Publicly, Philip Morris likes to talk about its love of the arts. As Ellis Woodward, Vice President of Philip Morris Asia Limited said at the 2002 Awards:

“The ASEAN Art Awards were initiated to encourage, inspire and reward, and most importantly support, creative works by established and emerging artists within the region. It represents one of the most comprehensive and prestigious two dimensional art competitions in Southeast Asia.”

Philip Morris executives have also referred to the competition as “Art for Art’s Sake.” The company boasts on its website of supporting arts worldwide, noting that “art is a unique way for a society to define, express and understand its experience; for a company that sees itself firmly rooted in society, arts sponsorship is a given.”

But privately, the company is much more candid about the real reason for its support of the ASEAN Art Awards. C. Goddard of Philip Morris Asia Region noted in a 1997 company speech that:

“The Philip Morris Group of Companies ASEAN Art Awards – an art competition involving seven ASEAN markets that provides Corporate Affairs and management with direct access to senior government officials in each country and given us strong relationships at the ASEAN Secretariat.”
Source: Philip Morris Document, Bates 2074188961/9005 (page 19)

Philip Morris International Weekly Highlights from the 1990s detail many of the government ministries befriended and favorable media coverage obtained through the ASEAN Art Awards. The company classifies them under the category “public relations.” Here are a few examples:

INDONESIA: On July 11, the five finalists for the Philip Morris Group of Companies Indonesian/ASEAN Art Awards were announced in a ceremony held in Bali and officiated by representatives from the Ministries of Tourism and Education. The event was featured on TV and through press coverage. (1997)

MALAYSIA: On July 16, the five finalists for the Malaysian segment of the Philip Morris Group of Companies Malaysia/ASEAN Art Awards were announced in a ceremony held at the National Art Gallery and officiated by the Deputy Minister of Tourism and Culture. Philip Morris was highly praised for its continuous support for the Arts. The event was well covered by the press. (1997)

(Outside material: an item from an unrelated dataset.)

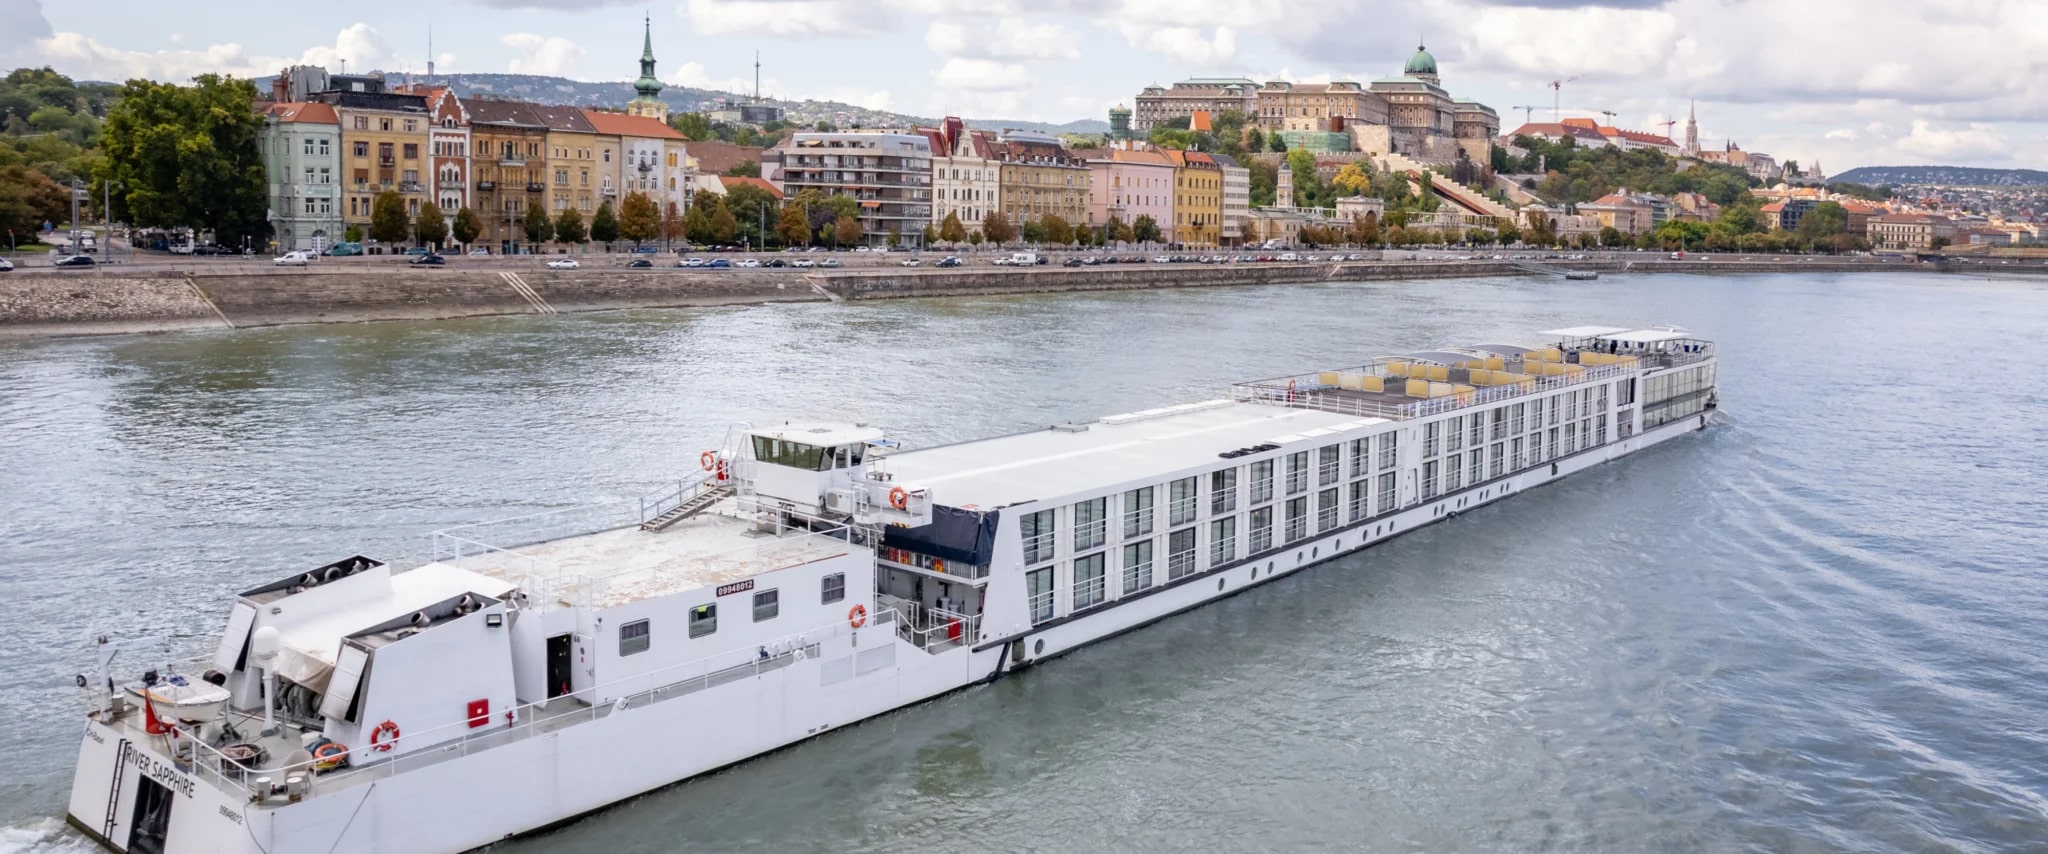 MS RIVER SAPPHIRE CRUCEROS DANUBIO CRUCEROS FLUVIALES TUI RIVER CRUISES DANUBE CRUISES CRUCEROS DANUBIO CAPITALES DEL DANUBIO CRUCEROS #Danubio #Danube #CrucerosFluviales #CrucerosTui #TuiCruises #MSRiverSapphire #RiverSapphire #Wien #Viena #Budapest #Bratislava #Passau

PHILIPPINES: Fifty finalists in the Philip Morris Group of Companies Philippines Art Awards went on exhibit starting July 14. Five Jurors Choices were awarded, who will compete in the ASEAN Art Awards to be held in Manila in September. Prominent art critics and government officials attended the award and opening night. Other entities supporting the event were the Metropolitan Museum and the National Commission for Culture and Arts. (1997) Source: Philip Morris Document, Bates: 2075808223

What some of these “senior government officials” have to say about Philip Morris’ sponsorship of the Awards:

“I would like to commend Philip Morris for their firm commitment to support the arts in Singapore, and more importantly in ASEAN. Without their commitment to ASEAN, this prestigious regional event would not be possible…The active participation of individuals and corporations, like Philip Morris, who have the passion of wanting to develop and elevate the arts and culture to greater heights in Singapore and ASEAN is extremely encouraging.” -- Mr. Yatiman Yusof, Senior Parliamentary Secretary, Ministry of Information, Communications and the Arts, at Singapore-ASEAN Art Awards 2003 presentation.

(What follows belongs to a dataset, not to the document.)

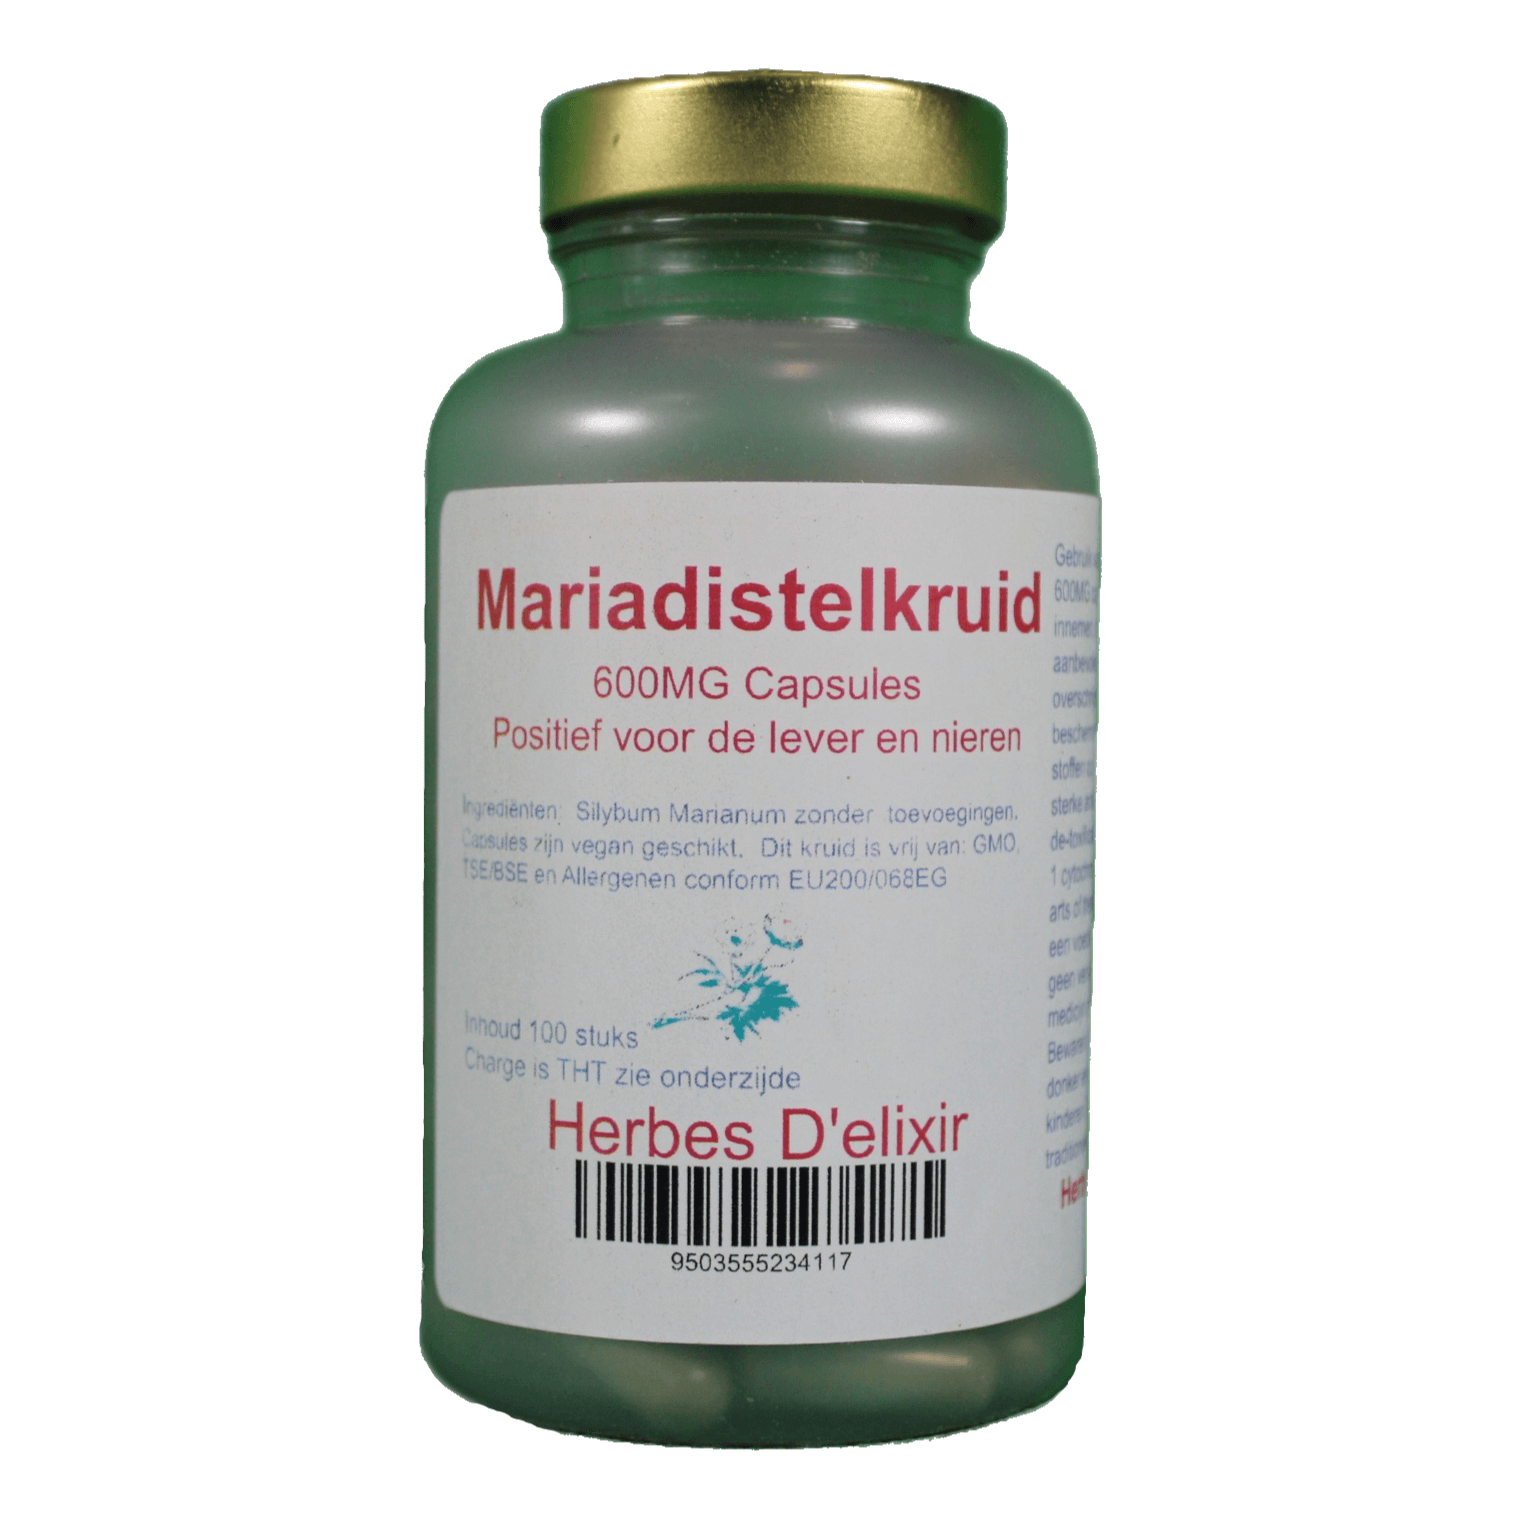 Mariadistelkruid capsules

The ASEAN Arts Award is a highly effective tool for Philip Morris to gain credibility, positive public relations, and access to government officials and ministries who have the power to help (or halt) the company’s expansion in Asia. The company’s political influence leveraging poses a serious threat to efforts to ratify/implement the Framework Convention on Tobacco Control and to exclude tobacco from Asian free trade agreements, such as AFTA.